Union Pacific and TuSimple delay launch of self-driving truck service


Railroad, a trucking company now plans to begin Tucson-Phoenix service in the third quarter

TuSimple is testing driverless trucks on a Southwest network. Plans are for TuSimple and Union Pacific to begin service between Tucson and Phoenix. (TuSimple)

SAN DIEGO — Union Pacific and self-driving trucking company TuSimple have postponed plans to begin driverless truck trips between the railroad’s Tucson Intermodal Terminal and the Phoenix area.

The companies announced in February that they would launch the service this spring. But the service was pushed back into the third quarter because TuSimple and UP focused on shipping containers, rather than trailers as originally envisioned, TuSimple executives said on the company’s earnings call on Tuesday.

UP will become the first customer to haul freight on TuSimple’s fully automated trucking route between the Tucson and Phoenix metro areas.
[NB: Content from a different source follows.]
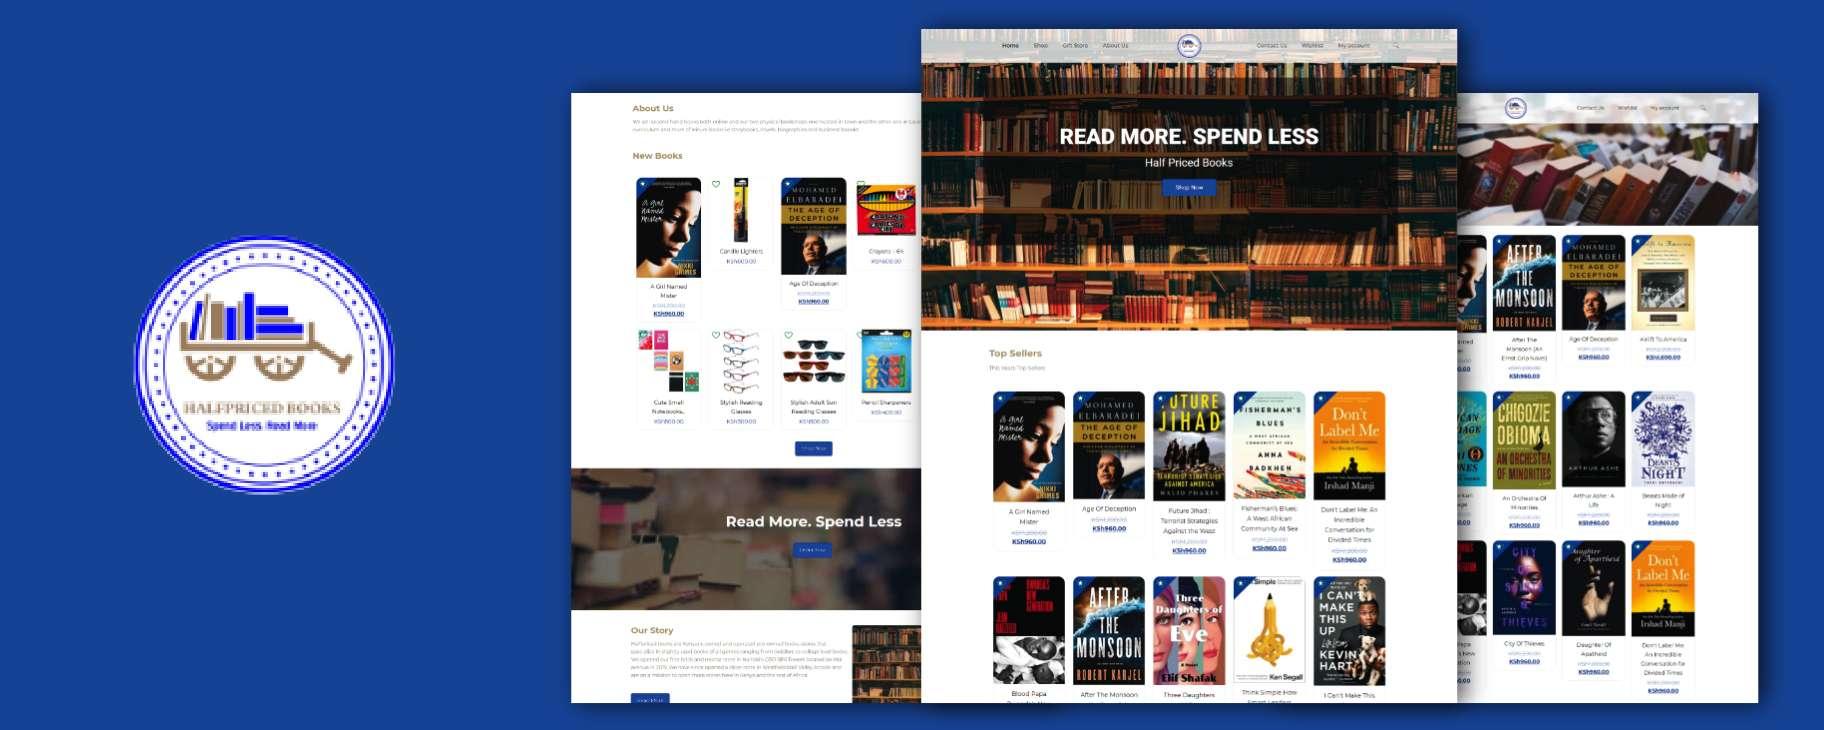 HalfPriced Books_15

Loup Logistics, a subsidiary of UP, will coordinate travel between rail and the first and last mile.

TuSimple, which made its first driverless move in December, operates a network of self-driving trucking routes in the Southwest. Previously, the company performed revenue movements with a “safety driver” on board to take the wheel if needed.

TuSimple says global supply chain issues have forced it to delay production of a self-contained rig that Navistar will build in Mexico. The companies planned to start building the Tier 4 autonomous platforms in 2024, but are now aiming for 2025.

Commercialization of TuSimple’s autonomous freight network is not dependent on the production of Navistar platforms, the company says. On the contrary, it will continue to rely on modernized platforms with TuSimple technology.

UP invested in TuSimple in 2020. Canadian National also invested in the self-driving trucking startup.